Open-air museum in the village of Hutton-le-Hole, England

Ryedale Folk Museum is an open-air museum in the village of Hutton-le-Hole in the North York Moors National Park. This museum tells the stories of local people from pre-history to the present day. About twenty of the museum's buildings have been saved from nearby villages and reconstructed at the museum. The museum buildings and estate occupy an area of six acres.

==Background==
Local resident Wilfred Crosland originally acquired a collection of regional rural artefacts and from 1935 onwards, made arrangements to display them from time to time, until the start of World War II. After Wilfred died in 1961, his sisters, Helen and Hannah (known as Minnie), developed his idea for a museum, and they appointed Bertram (Bert) Frank as its first curator. Bert Frank was supported by his wife, Evelyn, alongside countless volunteers. One room was used from 1962.

==History==
Signage referring to the "Ryedale Folk Museum" was first erected in 1963 and the museum officially opened in March 1964. A Look North TV crew attended in April 1964.

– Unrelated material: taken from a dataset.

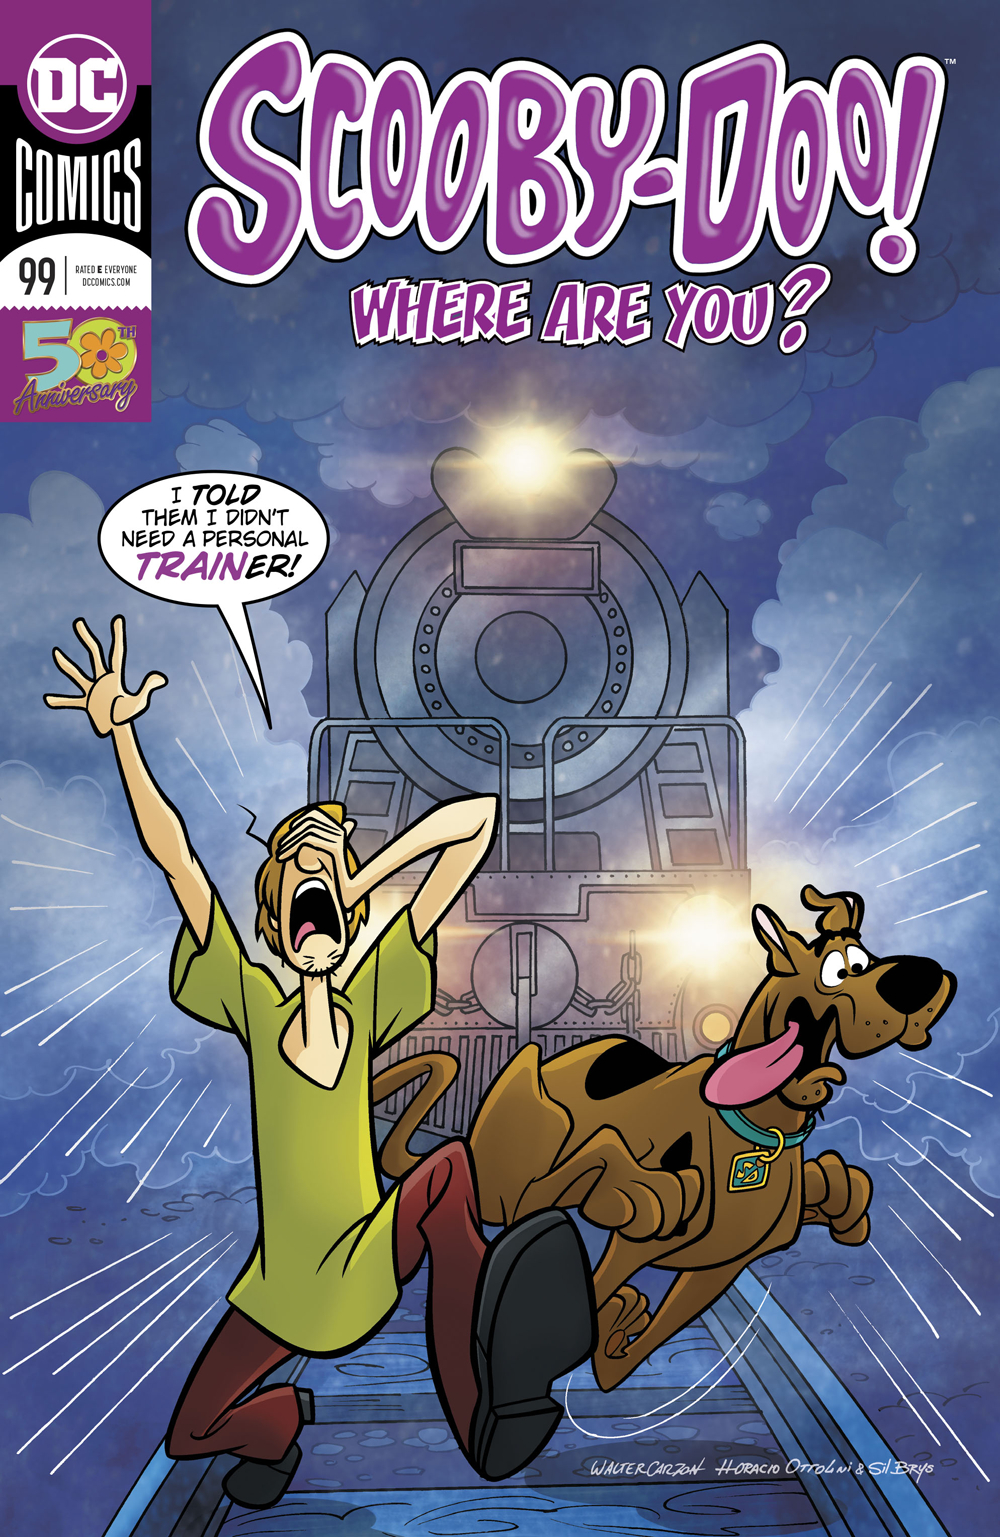 Scooby-Doo Where Are You? (2010) no. 99 - Used

In 2023, the museum hosted an exhibition of traditional rag rugs made by a local couple focused on preserving the craft.

In 2024, an exhibition titled Believe it or Not explored folk belief and magical thinking, with exhibited items including witch posts and everyday domestic items believed to have protective powers, such as knitting sheaths, apple scoops, and butter moulds.

== The buildings at the Museum ==
There are many different buildings at the Museum. Some have been relocated from nearby villages, others have been purpose built to serve the needs of the Museum and collections on display. The buildings include:

- Stang End cottage, bearing a witch post.
- Pickard's Cottage
- Manor House or Harome Hall
- Washhouse
- William Hayes' Daylight Photographic Studio
- an Iron Age roundhouse
- a Crofter's Cottage
- a Witch's Hovel
- a Shepherd's Hut
- a potting shed
- workshops for the cobbler, tinsmith, cooper, joiner and wheelwright, saddler, iron foundry and undertaker
- a working blacksmith's shop.

There are also agricultural machinery and farm animals (sheep, chickens and pigs) on the estate.

== Television and Film ==
The Museum has featured in various television programmes including Escape to the Country, BBC Look North and Secret Britain. In January 2026 it was seen on Robson Green's programme, Weekend Escapes, on BBC2. Robson Green and Chris Kamara visited the museum and made a traditional bee skep from wheat straw with one of the Museum's volunteers.

The Museum has been used in various films and features including the BBC's production of Death Comes to Pemberley and Nandor Fodor and the Talking Mongoose starring Simon Pegg and Minnie Driver.